Super Mario RPG was originally going to have a sequel, titled Super Mario RPG 2, and was going to release for the Nintendo 64. The original developer, Square, had signed a deal with Sony to release Final Fantasy VII for the PlayStation, so Nintendo had Intelligent Systems develop the game instead. The new art designer, Naohiko Aoyama, proceeded to change every character to two-dimensional in order to bring out "cuter" graphics compared to low-polygon three-dimensional graphics on the console. In the Paper Mario games, Mario is often aided by numerous allies who progress the story while Mario remains silent.

Unlike Paper Mario, both Mario and Luigi have voices in the Mario & Luigi series and are voiced by Charles Martinet. According to the developers, the early titles in the series began with character sprites; the developers were generally inexperienced and did not know much about hardware at the time. once the Nintendo 3DS was released, the developers had the chance to switch to 3-dimensional graphics. They decided to change the background and world design but chose to keep the characters as 2D renderings of 3D characters as they believed it made it easier to convey comedic expressions. In 2013, they believed Mario took too much of the spotlight in the Mario franchise, and they made Luigi the more story-focused character in Mario & Luigi: Dream Team.

Sports games

Nintendo has explored a variety of sports games featuring Super Mario property, which include tennis, golf, baseball, soccer, kart racing, and other miscellaneous. Of which, the only four that were defined to be official series and are still currently running are Mario Tennis, Mario Golf, Mario & Sonic at the Olympic Games, and Mario Kart. The Mario Kart series is the most successful, selling over 150 million games in its entirety.

In the 1984 video game Golf, although one of the two playable characters looks similar to that of him, wearing red clothes and black pants, he is never directly referred to be Mario; In 1997, his look was changed in the re-release of the Famicon Disk System to that more like the character, and Nintendo later confirmed the character was Mario in a guide book of the game in 1991, marking his first sports video game appearance.

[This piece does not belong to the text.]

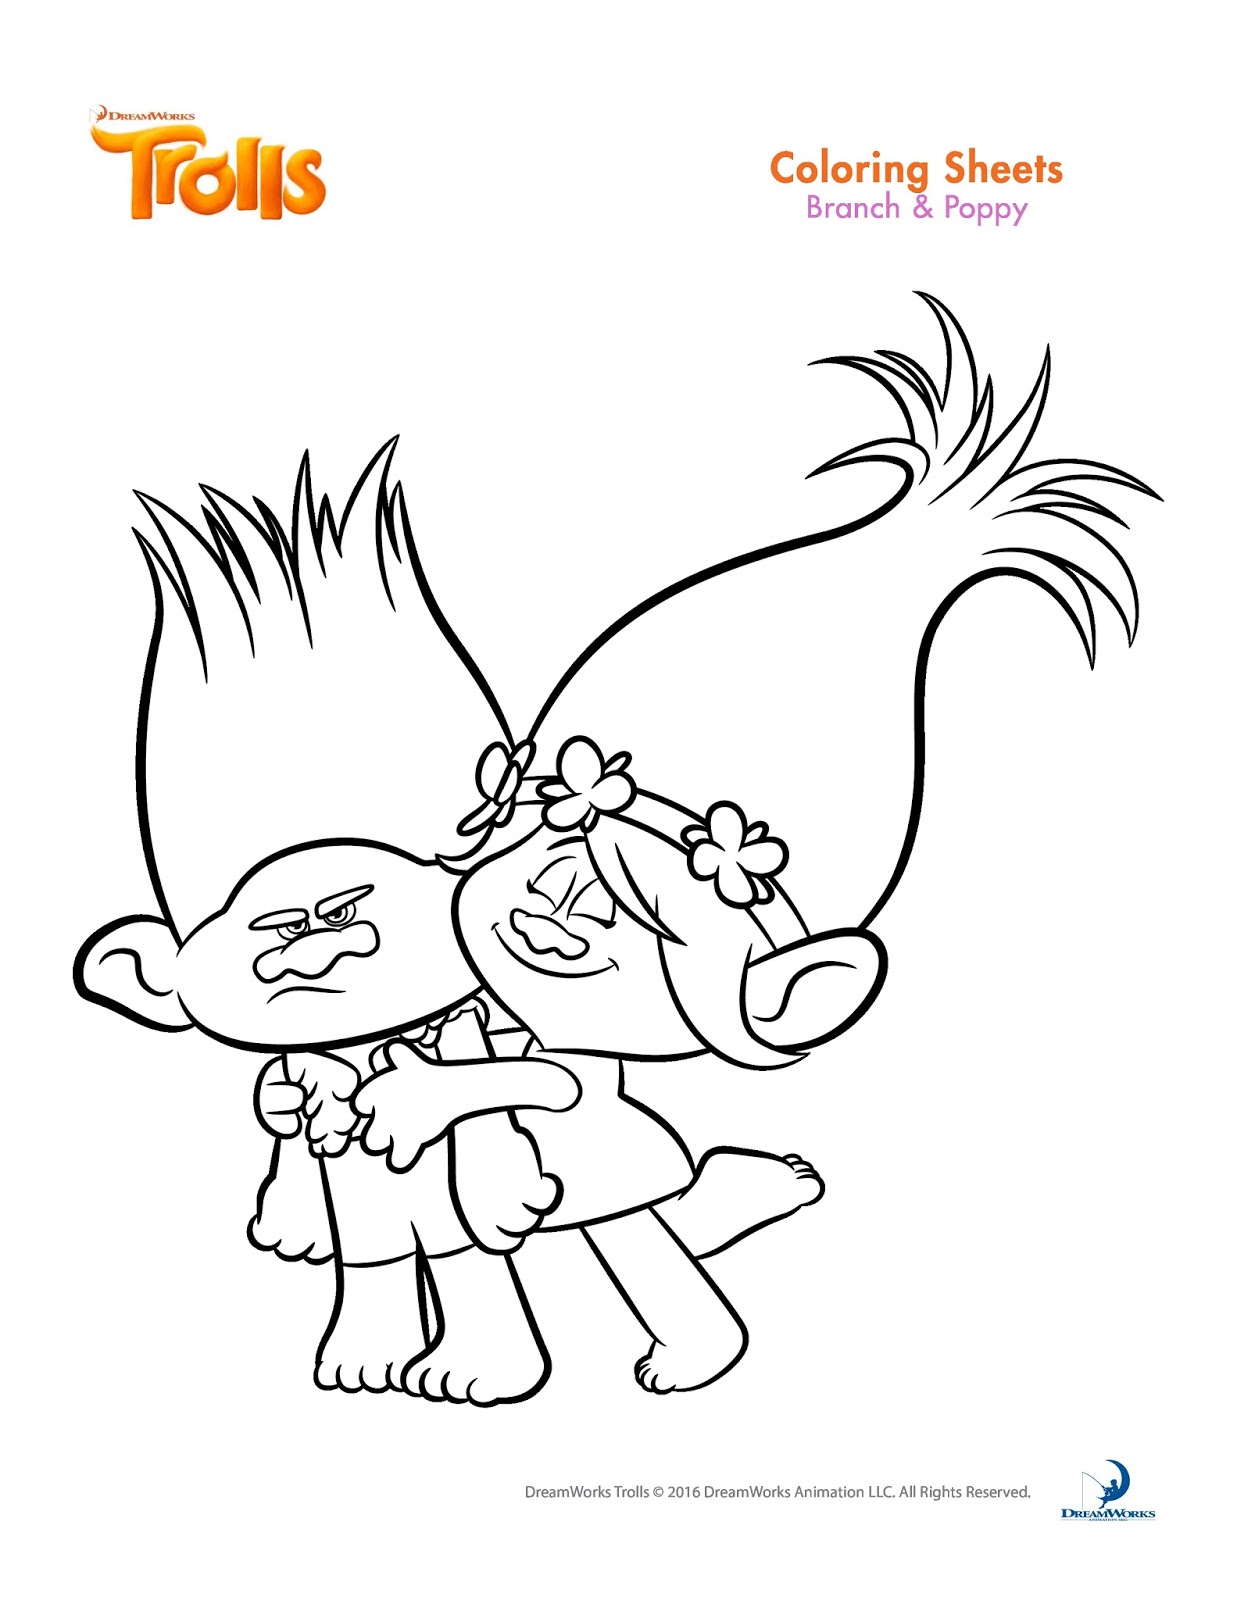 Free Trolls Movie Coloring Pages Download Free Clip Art Free Clip Art On Clipart Library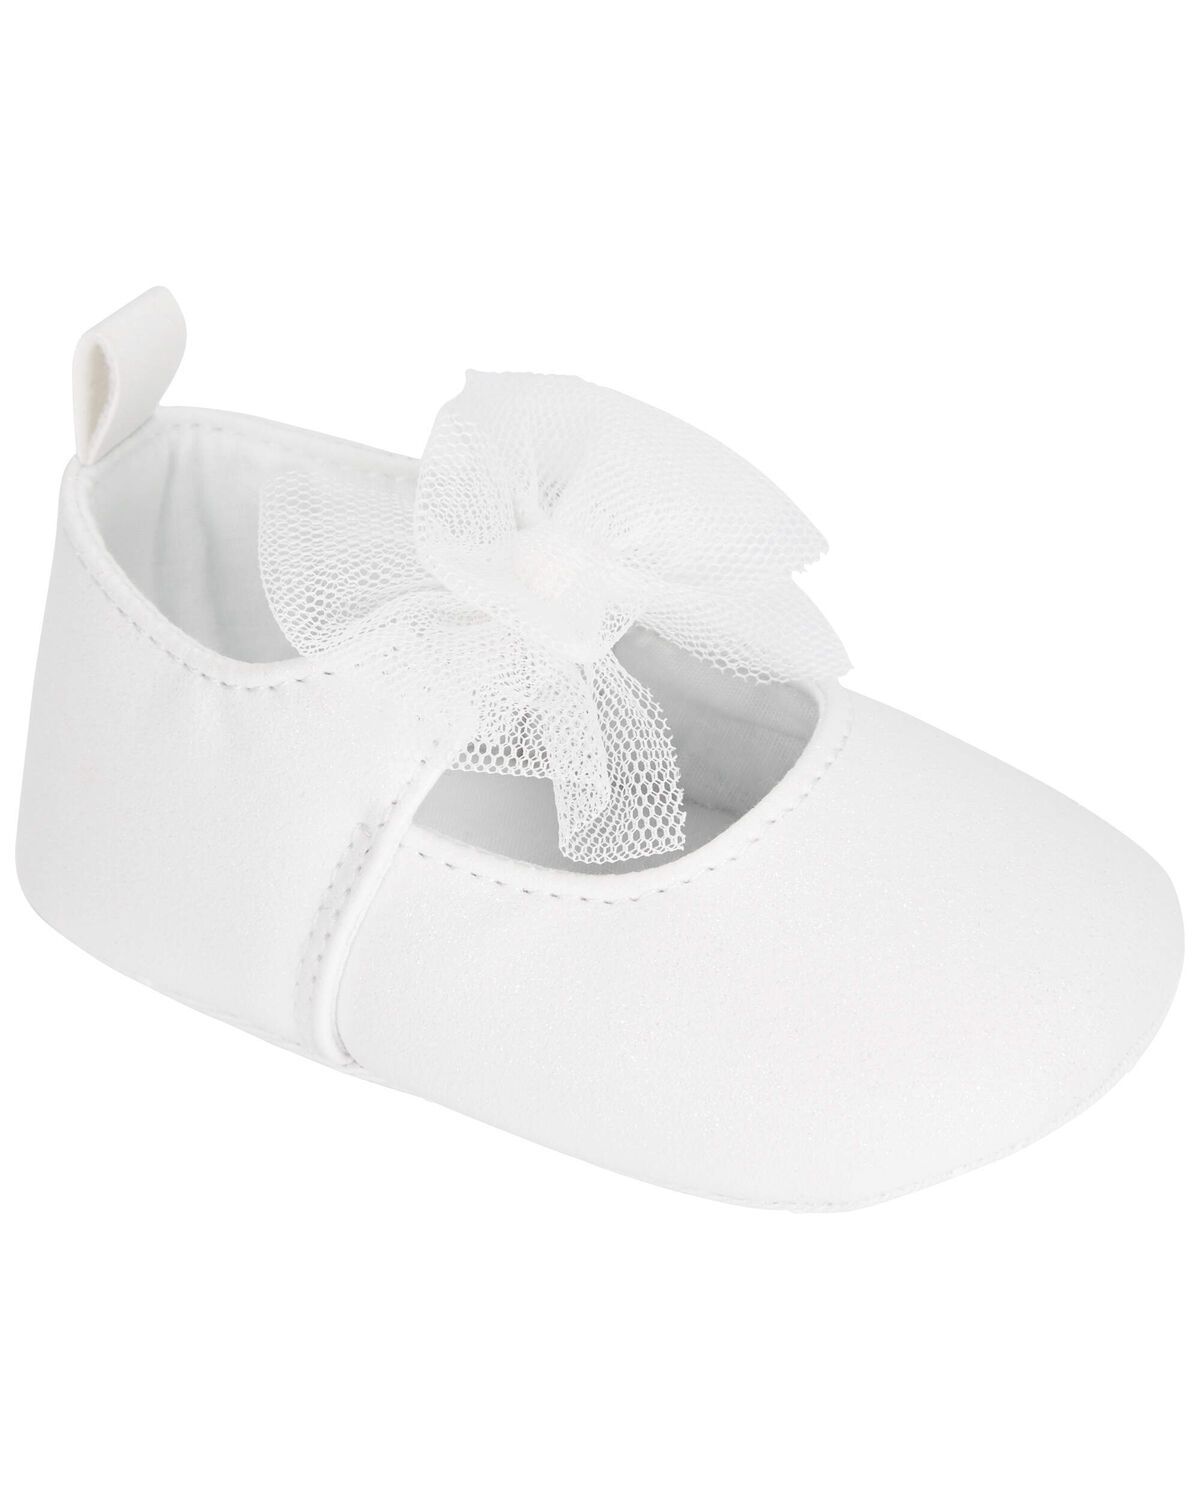 Baby Mary Jane Dress Shoes | Carter's

He then directly appeared in NES Open Tournament Golf in 1991 as one of two playable characters, the other being Luigi with a variety of other Mario characters with supporting roles. The character sprites were designed by Eiji Aonuma, his first project in graphical art design.

After the unsuccessful attempt on the Virtual Boy with Mario's Tennis, the first tennis game featuring Mario, Nintendo gave licensing rights to Camelot Software Planning to develop a second Mario-themed tennis game for the Nintendo 64. Each character had a unique ability, with Mario having an all-around average set of skills to pair with his type of character. This ideology was later continued into Mario Power Tennis.

The Mario Kart franchise began with Super Mario Kart for the Super Nintendo Entertainment System in 1992; early in development, the game did not have any Mario-themed elements. A few months into the process, the designers were testing how one character would look at another they had just passed. They implemented Mario, simply to see how he would look inside a kart, and the original concept was scrapped entirely after they decided he looked better than the previous non-defined characters. Similar to the Mario & Luigi series, he appears as a sprite that turns in 16 different angles.

Puzzle games

Mario has also starred in a variety of multiple puzzle games, but sometimes only makes an appearance and is not playable. The first of which to release was Wrecking Crew, designed by Yoshio Sakamoto. After which, three main series and a variety of spin-offs were released starring him, including Dr. Mario, Mario vs. Donkey Kong, and Mario Picross, the latter of which inactive.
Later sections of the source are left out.